A review of occupational therapy literature covering a twenty-year period from 1970 to 1990 was conducted using electronic and CD-ROM databases, published indexes and online search techniques. During subsequent stages of development this review expanded to 1995.

Findings:

The term, occupational performance, was classified according to how it was used in the literature. Four classifications emerged: use of occupational performance as a generic frame of reference for national practice including definitions of the term, use of occupational performance as a generic frame of reference for undergraduate occupational therapy curricula, use of occupational performance terminology by occupational therapy theorists to explain practice, and use of occupational performance to develop assessment tools.
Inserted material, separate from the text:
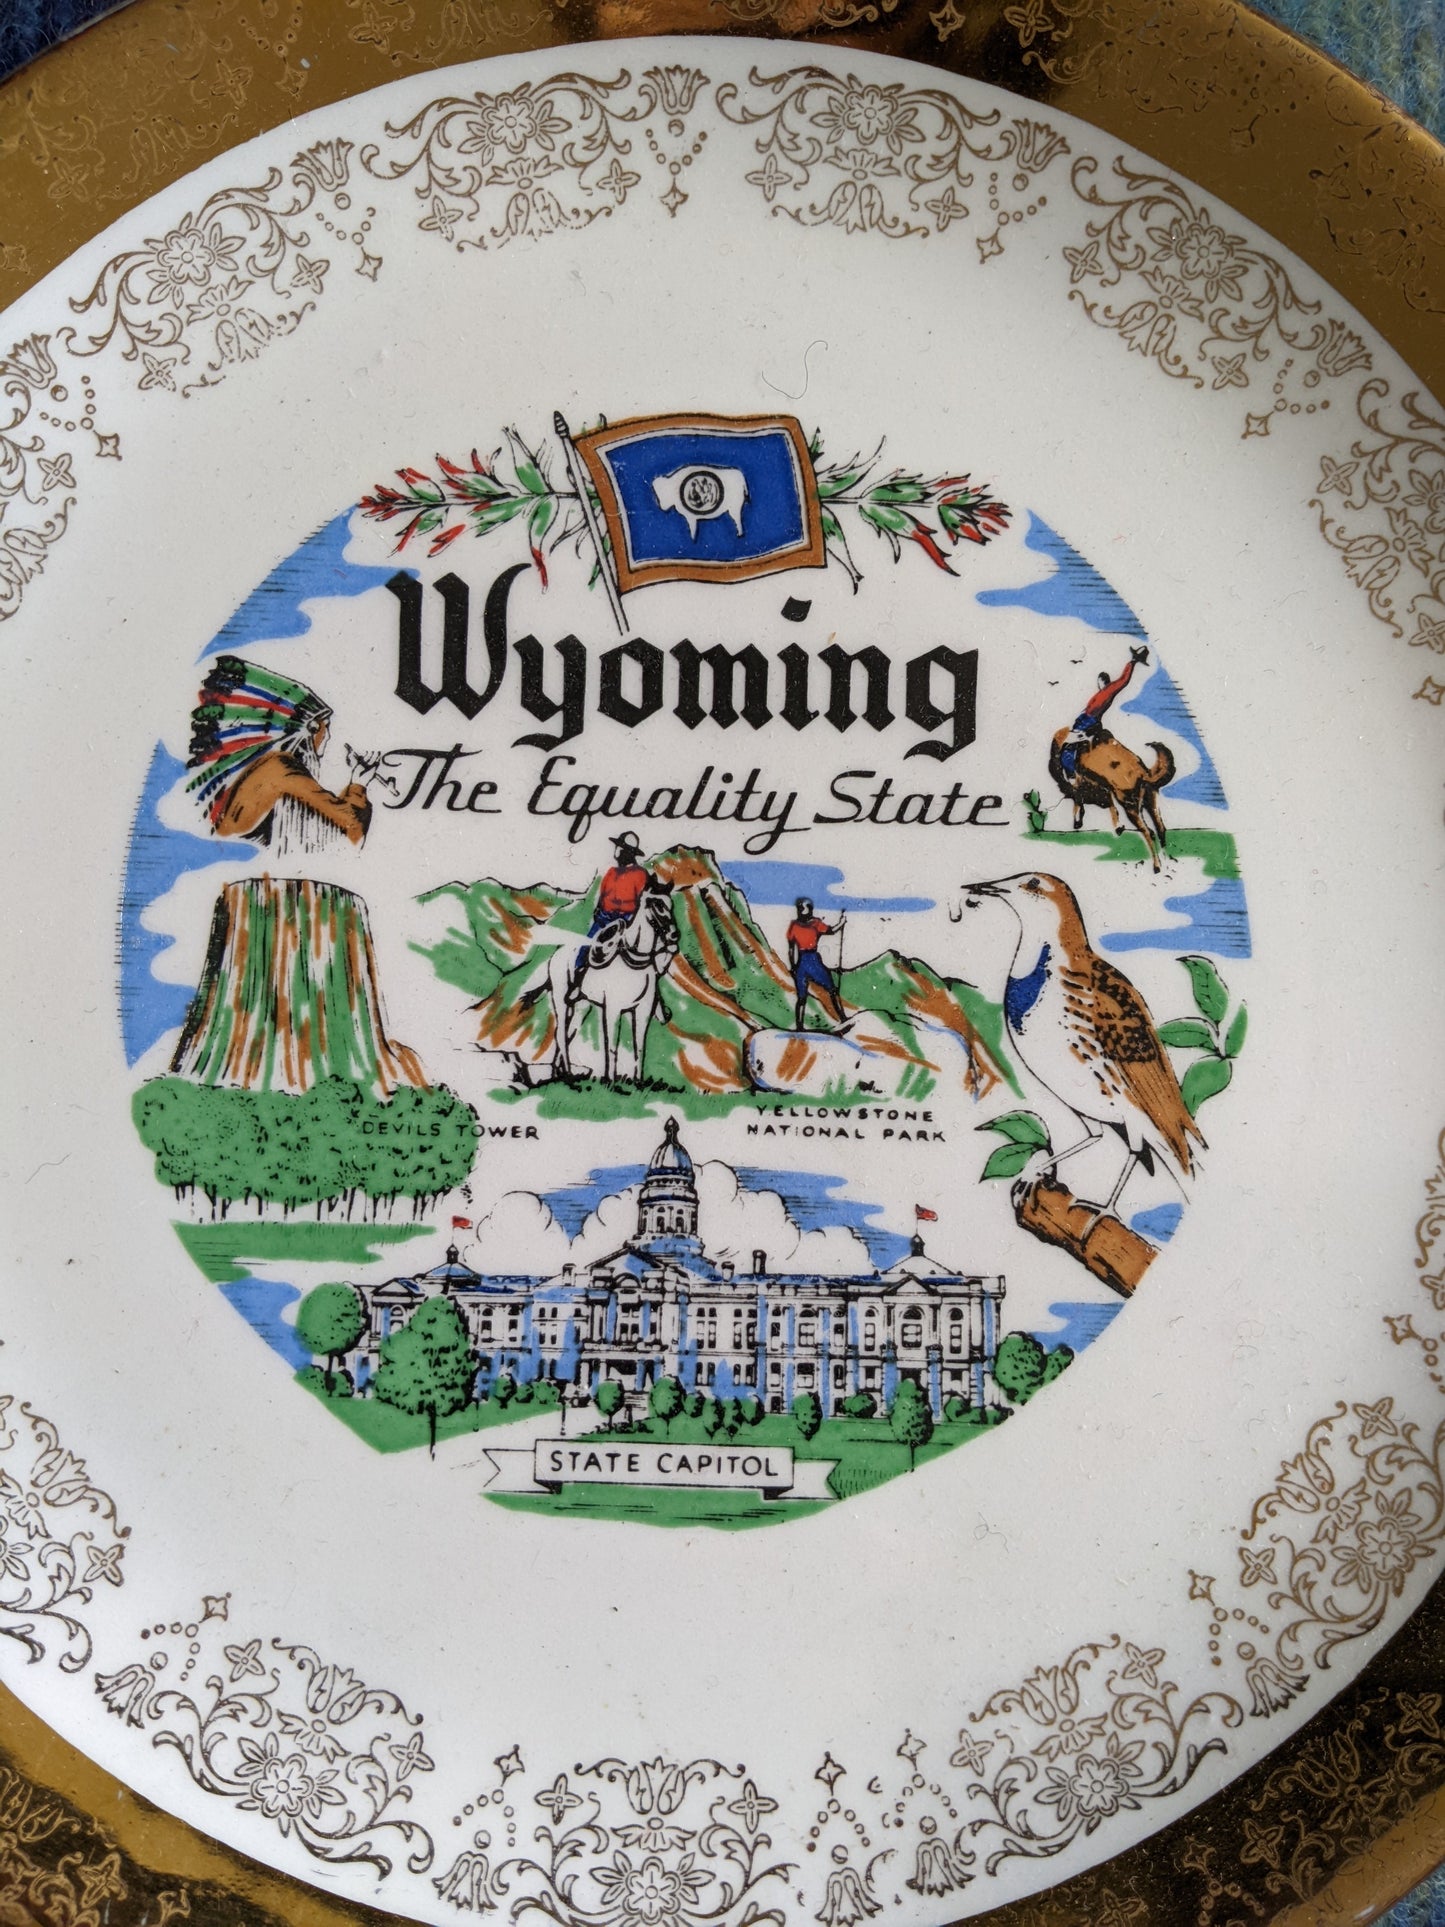 Wyoming vintage state plate,7.5"

1. Use of occupational performance as a generic frame of reference for national practice.

Descriptions of occupational performance have appeared in occupational therapy literature in the United States and Canada since 1973. The pivotal conceptualisation of occupational performance seems to have been generated by a series of American Occupational Therapy Association, Inc. (AOTA, Inc.) task forces and committees charged with developing policy statements about generic domains of concern for the profession (AOTA, Inc., 1974, 1973). Concurrently, the Canadian Association of Occupational Therapists (CAOT) developed a similarly conceptualised notion of occupational performance to address growing concerns inside and outside the profession for assuring quality of services (Townsend, Brintnell, & Staisey, 1990). The following description of the evolution of occupational performance is based on the sequence and the way that discussions on occupational performance appeared in the literature from 1970 to 1991.

In 1973, the AOTA, Inc. presented the profession with a unifying concept of occupational therapy. This publication described occupational performance as a unifying, generic frame of reference and defined it as the individual’s ability to accomplish the tasks required by his or her role and related to his or her developmental stage. Occupational performance included self care, work and play/leisure time performance (AOTA, Inc., 1973). Subsequent AOTA, Inc. publications have reaffirmed that, “the generic foundation or frame of reference (of occupational therapy) is to be found in the concept of occupational performance” (AOTA, Inc., 1974, p.8).

Performance areas consisted of self?care, work and play/leisure activities and reflected the core concept of occupational therapy: purposeful activity. Skills carried out in these performance areas were purported to be influenced by what was the called the life space of a person. This referred to a cultural, social and physical environment. Performance components were described as behavioural patterns based on learning, and developmental stages and were seen to be the foundation attributes for occupational performance. These included sensory integrative functioning, motor functioning, social functioning, psychological functioning and cognitive functioning.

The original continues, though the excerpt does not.